Un partenariat stratégique

La mention d'un accompagnement financier de Boeing pour l'entrée en service, la formation et la maintenance indique que le constructeur américain voit en Air Sénégal un client de long terme. Ce soutien peut alléger la pression sur les finances publiques sénégalaises, déjà sollicitées par d'autres priorités. Mais il pose aussi la question de la dépendance technologique : le Sénégal mise sur un seul fournisseur pour le cœur de sa flotte.

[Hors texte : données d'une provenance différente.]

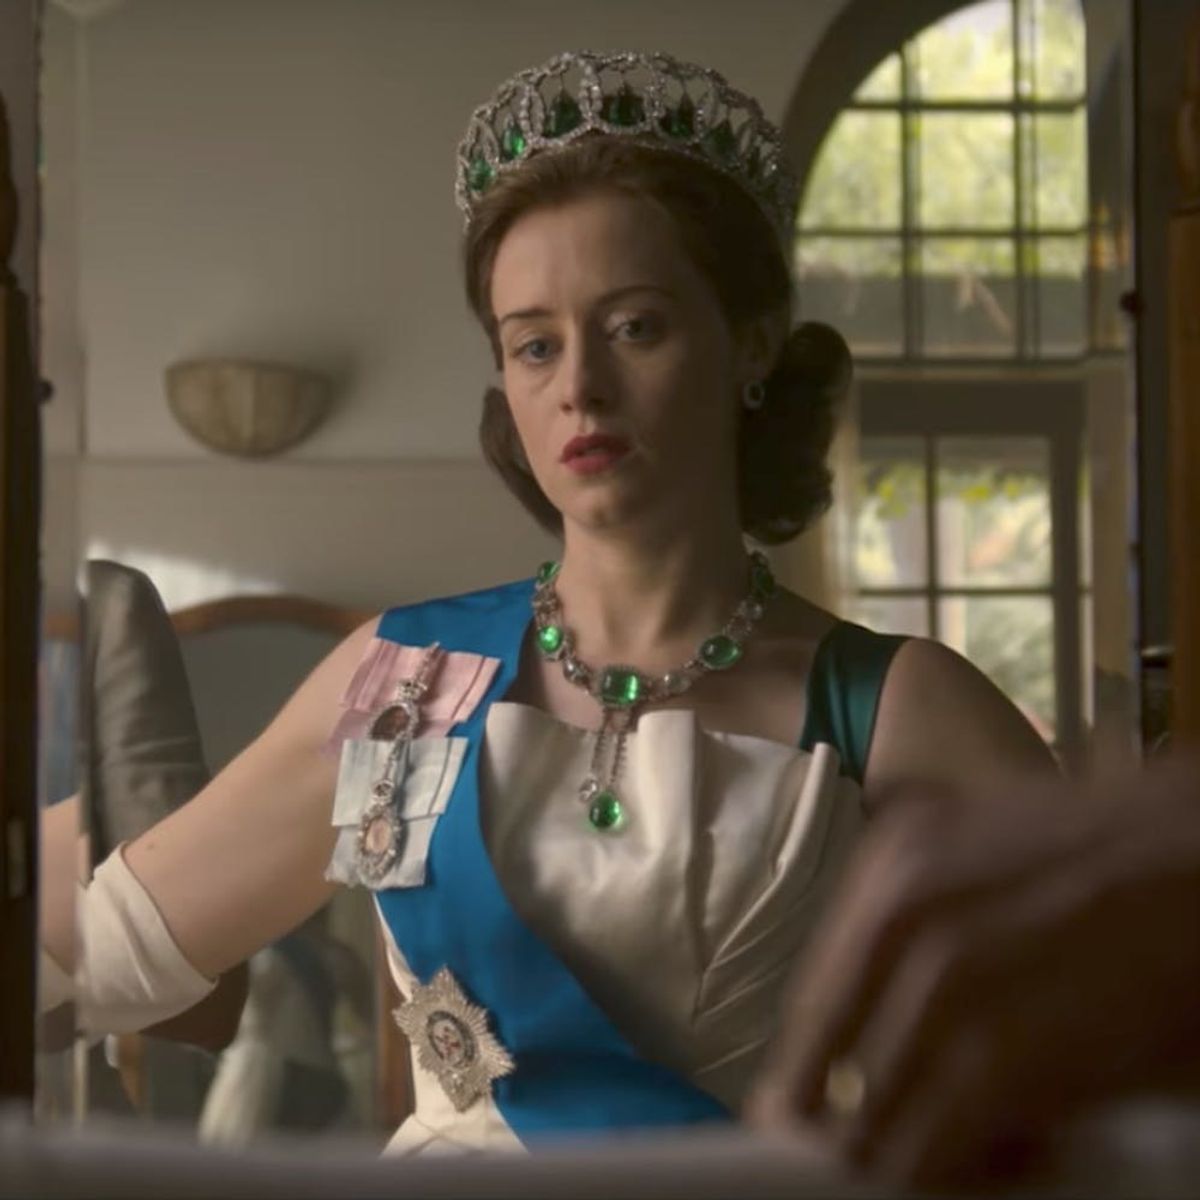 Netflix’s The Crown Season 2 Trailer Teases Infidelity, Power, and Lots of Royal Drama

Contexte régional et perspectives

Ce projet intervient alors que le transport aérien ouest-africain connaît une recomposition. Plusieurs compagnies nationales peinent à être viables, et les alliances se multiplient (Asky, Africa World Airlines). L'initiative sénégalaise se distingue par une approche verticale : former ses propres pilotes, maîtriser la maintenance. Dans un environnement marqué par l'insécurité dans le Sahel (attaque au Niger en mai) et la volatilité des matières premières (anacarde), le Sénégal fait le pari que l'aviation peut être un levier de diversification économique.

L'acquisition des Boeing 737 MAX par Air Sénégal n'est pas qu'un contrat d'achat ; c'est un signal politique fort en faveur d'une souveraineté aérienne repensée. Reste à savoir si la compagnie parviendra à transformer cette ambition en viabilité financière à long terme, dans un ciel ouest-africain de plus en plus concurrentiel.